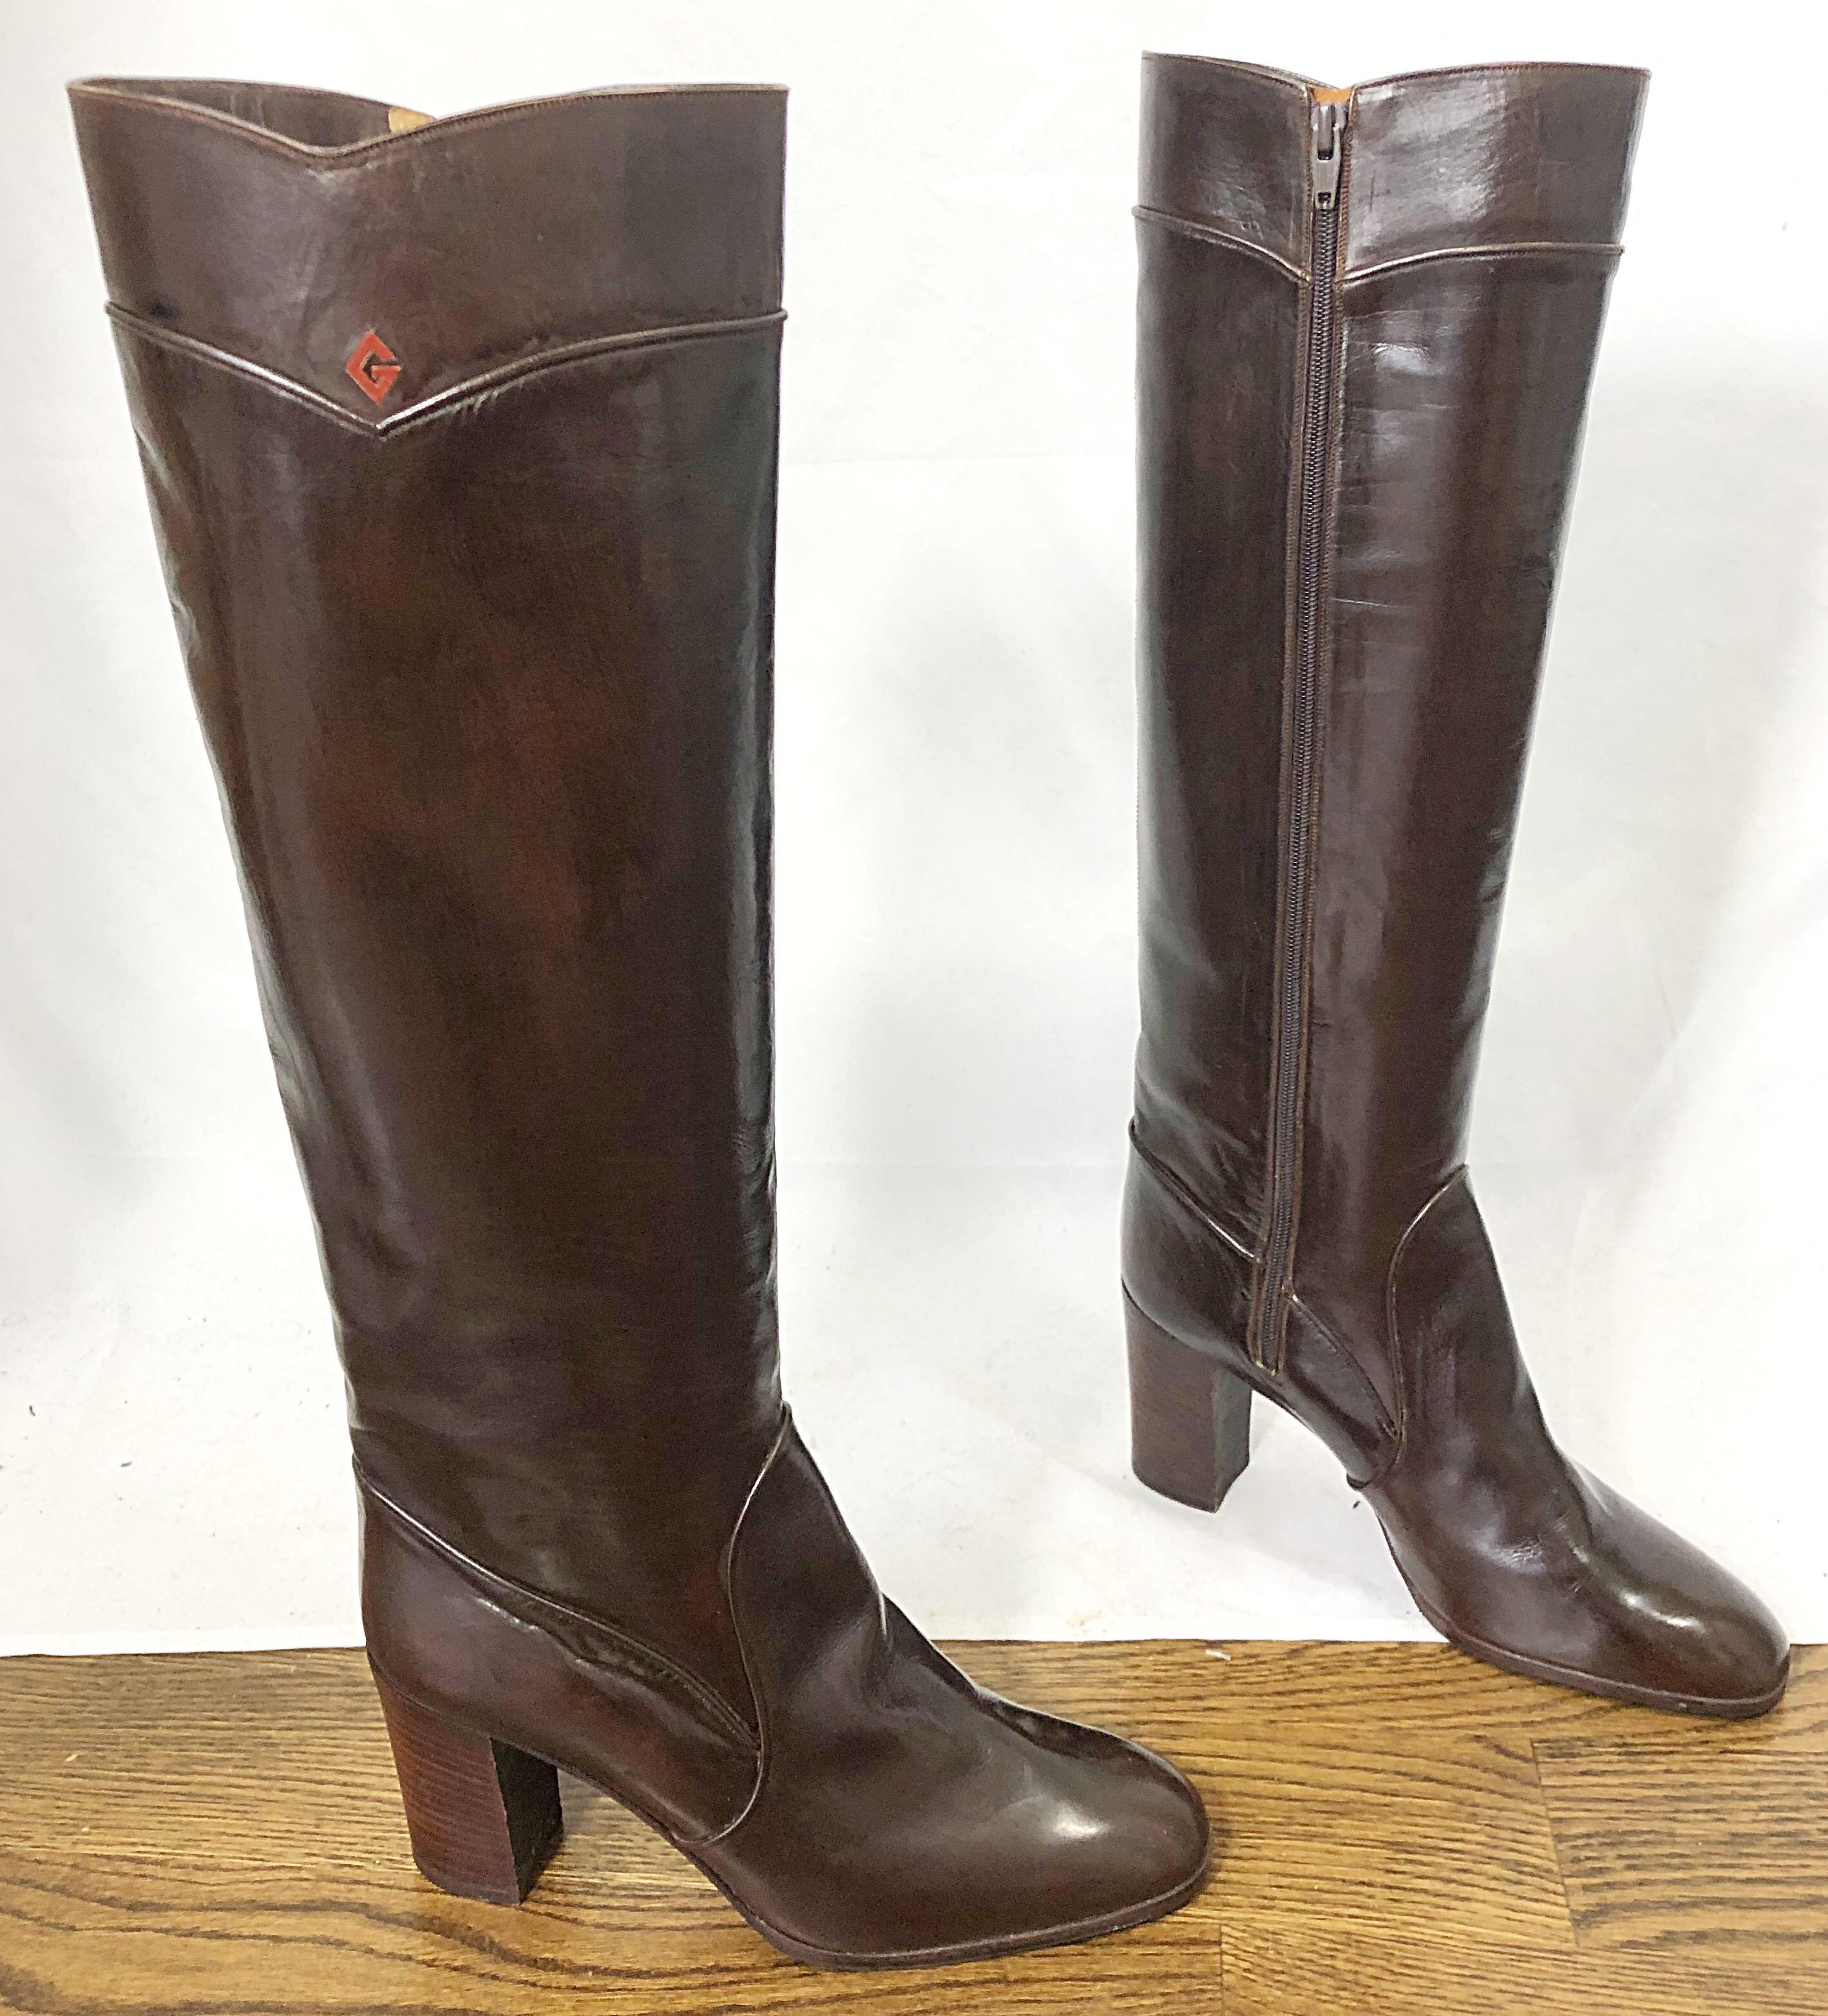 Chic 1970s vintage GUCCI Size 8.5 chocolate brown leather knee high heeled boots ! Features the perfect shade brown with the red G logo at each outter calf. Hidden zipper up the inside. Sturdy block heels are comfortable to wear all day. 
Can easily
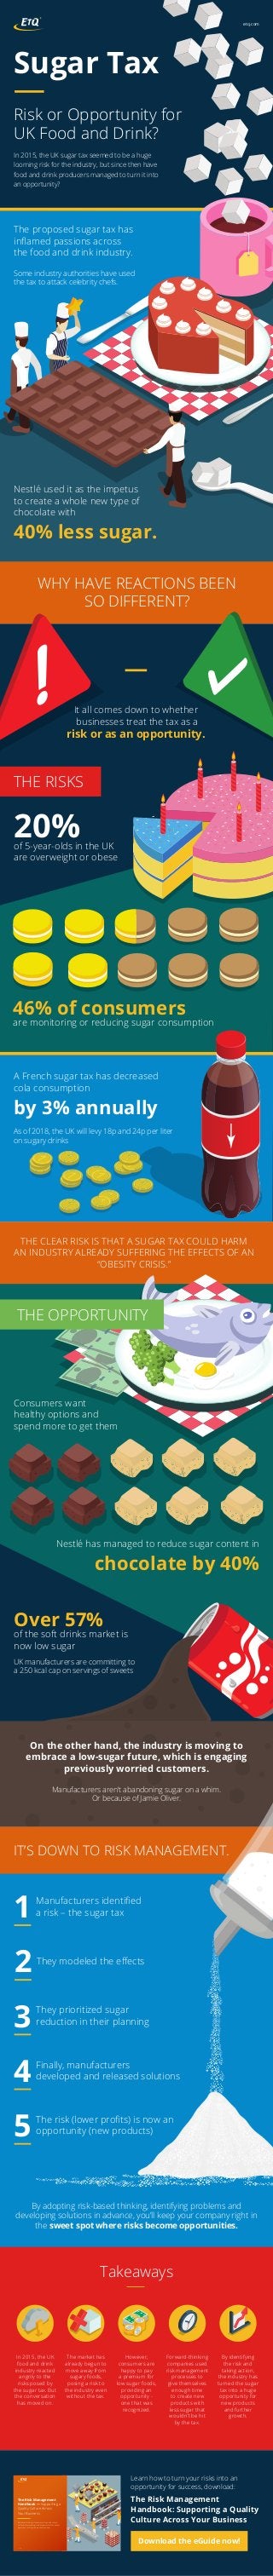 The proposed sugar tax has
inflamed passions across
the food and drink industry.
Some industry authorities have used
the tax to attack celebrity chefs.
In 2015, the UK sugar tax seemed to be a huge
looming risk for the industry, but since then have
food and drink producers managed to turn it into
an opportunity?
Sugar Tax
Risk or Opportunity for
UK Food and Drink?
etq.com
THE RISKS
20%of 5-year-olds in the UK
are overweight or obese
Nestlé used it as the impetus
to create a whole new type of
chocolate with
40% less sugar.
WHY HAVE REACTIONS BEEN
SO DIFFERENT?
It all comes down to whether
businesses treat the tax as a
risk or as an opportunity.
46% of consumers
are monitoring or reducing sugar consumption
A French sugar tax has decreased
cola consumption
by 3% annually
As of 2018, the UK will levy 18p and 24p per liter
on sugary drinks
THE CLEAR RISK IS THAT A SUGAR TAX COULD HARM
AN INDUSTRY ALREADY SUFFERING THE EFFECTS OF AN
“OBESITY CRISIS.”
UK manufacturers are committing to
a 250 kcal cap on servings of sweets
Consumers want
healthy options and
spend more to get them
Nestlé has managed to reduce sugar content in
chocolate by 40%
Over 57%
of the soft drinks market is
now low sugar
On the other hand, the industry is moving to
embrace a low-sugar future, which is engaging
previously worried customers.
Manufacturers aren’t abandoning sugar on a whim.
Or because of Jamie Oliver.
THE OPPORTUNITY
IT’S DOWN TO RISK MANAGEMENT.
1 Manufacturers identified
a risk – the sugar tax
3 They prioritized sugar
reduction in their planning
4 Finally, manufacturers
developed and released solutions
5 The risk (lower profits) is now an
opportunity (new products)
2 They modeled the effects
By adopting risk-based thinking, identifying problems and
developing solutions in advance, you’ll keep your company right in
the sweet spot where risks become opportunities.
Learn how to turn your risks into an
opportunity for success, download:
The Risk Management
Handbook: Supporting a Quality
Culture Across Your Business
etq.com
The Risk Management
Handbook — Supporting a
Quality Culture Across
Your Business
Risk-based thinking is fundamental to quality culture,
and involves extending risk management across all your
operations. In this guide, we show you how.
Takeaways
In 2015, the UK
food and drink
industry reacted
angrily to the
risks posed by
the sugar tax. But
the conversation
has moved on.
The market has
already begun to
move away from
sugary foods,
posing a risk to
the industry even
without the tax.
However,
consumers are
happy to pay
a premium for
low sugar foods,
providing an
opportunity -
one that was
recognized.
Forward-thinking
companies used
risk management
processes to
give themselves
enough time
to create new
products with
less sugar that
wouldn’t be hit
by the tax.
By identifying
the risk and
taking action,
the industry has
turned the sugar
tax into a huge
opportunity for
new products
and further
growth.
Download the eGuide now!

· · · · ·

#### Exercise objective
Reproducing the whole listing above is not the task. Copy exactly only the lines from the one with "AN INDUSTRY ALREADY" to the one with "3 They prioritized sugar", both kept.

#### Answer space
AN INDUSTRY ALREADY SUFFERING THE EFFECTS OF AN
“OBESITY CRISIS.”
UK manufacturers are committing to
a 250 kcal cap on servings of sweets
Consumers want
healthy options and
spend more to get them
Nestlé has managed to reduce sugar content in
chocolate by 40%
Over 57%
of the soft drinks market is
now low sugar
On the other hand, the industry is moving to
embrace a low-sugar future, which is engaging
previously worried customers.
Manufacturers aren’t abandoning sugar on a whim.
Or because of Jamie Oliver.
THE OPPORTUNITY
IT’S DOWN TO RISK MANAGEMENT.
1 Manufacturers identified
a risk – the sugar tax
3 They prioritized sugar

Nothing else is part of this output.